Il y a déni et cécité. Cette trahison ne constitue-t-elle pas un recul pour toutes les femmes ?
Les grands médias de gauche ainsi que les députés de gauche restent muets. Au point que la plupart de nos concitoyens ont même ignoré qu’un militant islamiste fanatique a pu récemment appeler à l’intifada, à Paris et à Marseille, sous les applaudissements soutenus de son public. Il a aussi sommé les Français musulmans qui sont de « bons Français », attachés à nos lois et à la République, d’abandonner leurs convictions et de le rejoindre dans le combat contre les juifs ou les chrétiens. Des propalestiniens menacent la France, et le Nouveau Front populaire et ses adeptes restent silencieux. Ce mutisme ne signifie pas l’indifférence, mais la peur de devoir prendre des positions qui pourraient déplaire à leurs électeurs et à leurs lecteurs. Voilà à quelle lâcheté et à quelle hypocrisie la nouvelle gauche est réduite.

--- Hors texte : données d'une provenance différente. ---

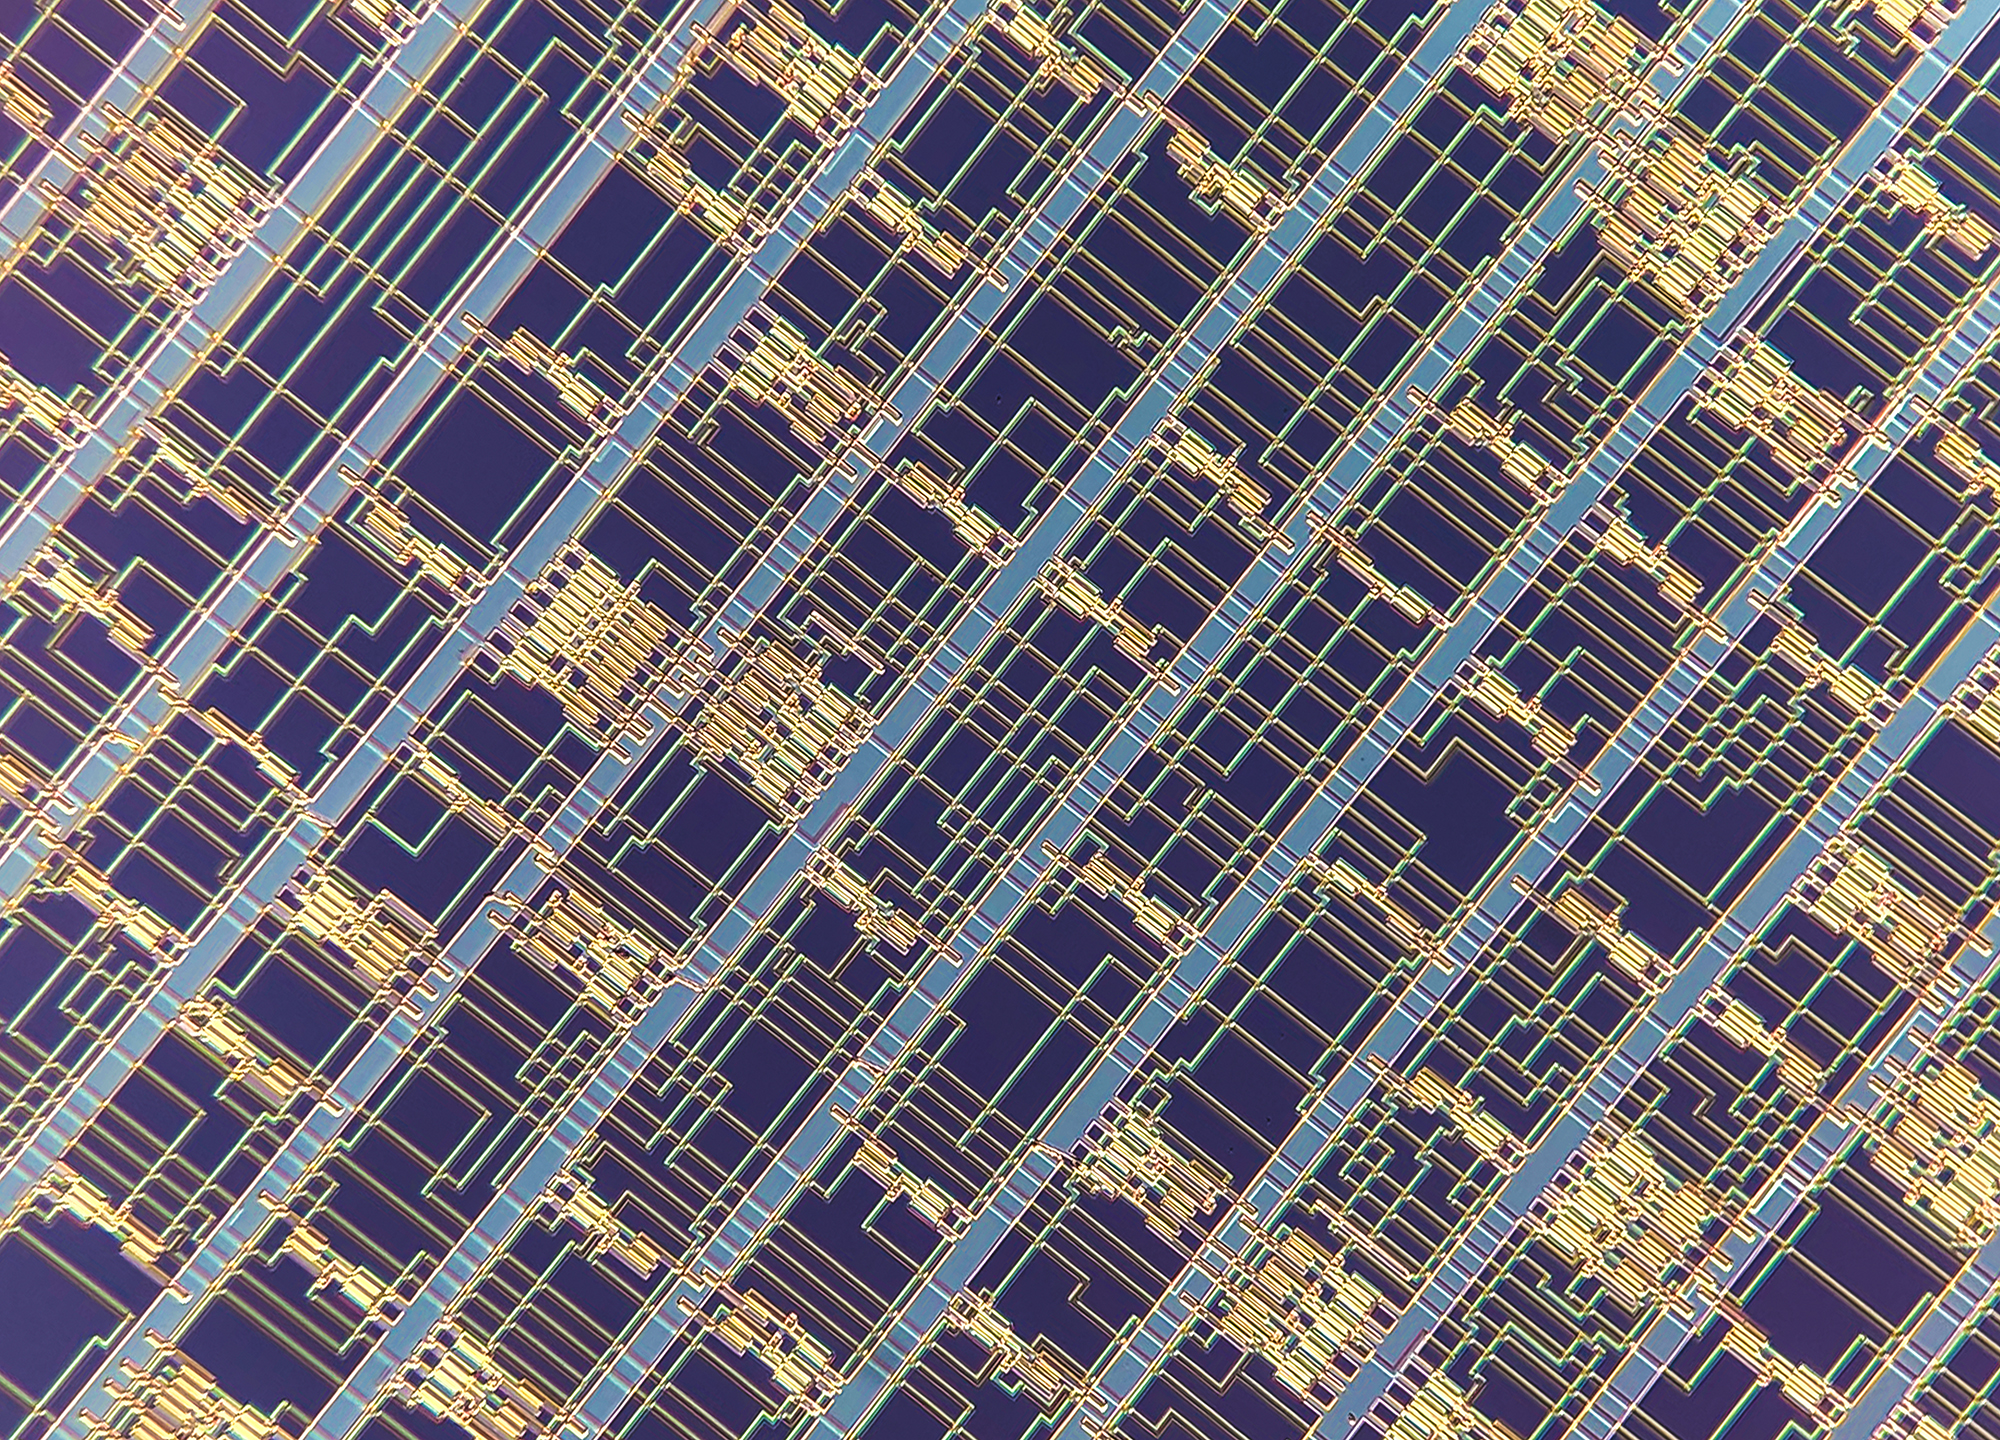 Los ingenieros del MIT construyen microprocesadores avanzados a partir de nanotubos de carbono.

Peut-on parler d’apartheid sexuel pour l’Afghanistan ?
C’est pire qu’un apartheid sexuel. C’est l’une des plus grandes ignominies depuis les génocides des siècles derniers. On pourrait qualifier les talibans de « génocidaires de genre ». Les Afghanes ne sont plus traitées comme des êtres humains, mais réduites à une sorte de condition animale. Rien ne leur reste, sinon le devoir de faire des enfants et de nourrir leurs maîtres. Ce sont des ombres silencieuses, abandonnées de tous.
Que devrait faire la communauté internationale ?
Toutes les grandes organisations internationales – l’ONU, l’OMS, la Cour européenne des droits de l’homme et toutes les autres – ainsi que les associations d’aide aux victimes doivent ensemble déclencher un scandale international sans précédent. Détourner le regard de ce crime atroce nous sera reproché à tous dans quelque temps, et on ne pourra pas dire : « Je ne savais pas. » On n’a jamais vu une telle attaque des femmes en temps de paix et un tel silence des féministes.
Certains avaient parlé de « talibans inclusifs » lors de la prise de Kaboul en août 2021.
Je ne sais pas qui a inventé cette formule, mais elle devait bien arranger les Américains qui ont fui comme des voleurs. Je serais étonnée que les talibans connaissent même la signification du mot inclusion, si à la mode en Occident.
Cette indifférence est-elle une capitulation ?
Le sort des Afghanes et des Iraniennes n’intéresse que très peu de monde. On se contente de déplorer leur condition et on passe à autre chose, comme si ces pays étaient destinés à rester sous la botte des talibans et des mollahs pour l’éternité. Or, si les Iraniennes ont toujours eu accès au savoir, je n’oublie pas qu’après la dernière guerre mondiale l’université de Kaboul ouvrait ses portes aux femmes. J’ai encore en tête la photo d’étudiantes habillées à la mode occidentale, posant en souriant au photographe. Le désintérêt des Occidentaux pour elles n’est pas une capitulation, c’est tout simplement l’application à l’international du principe individualiste qui régit dorénavant notre vie, à savoir le « moi d’abord » et le « nous d’abord ». Ce qui est vrai pour les femmes afghanes l’est aussi à l’égard de l’Ukraine.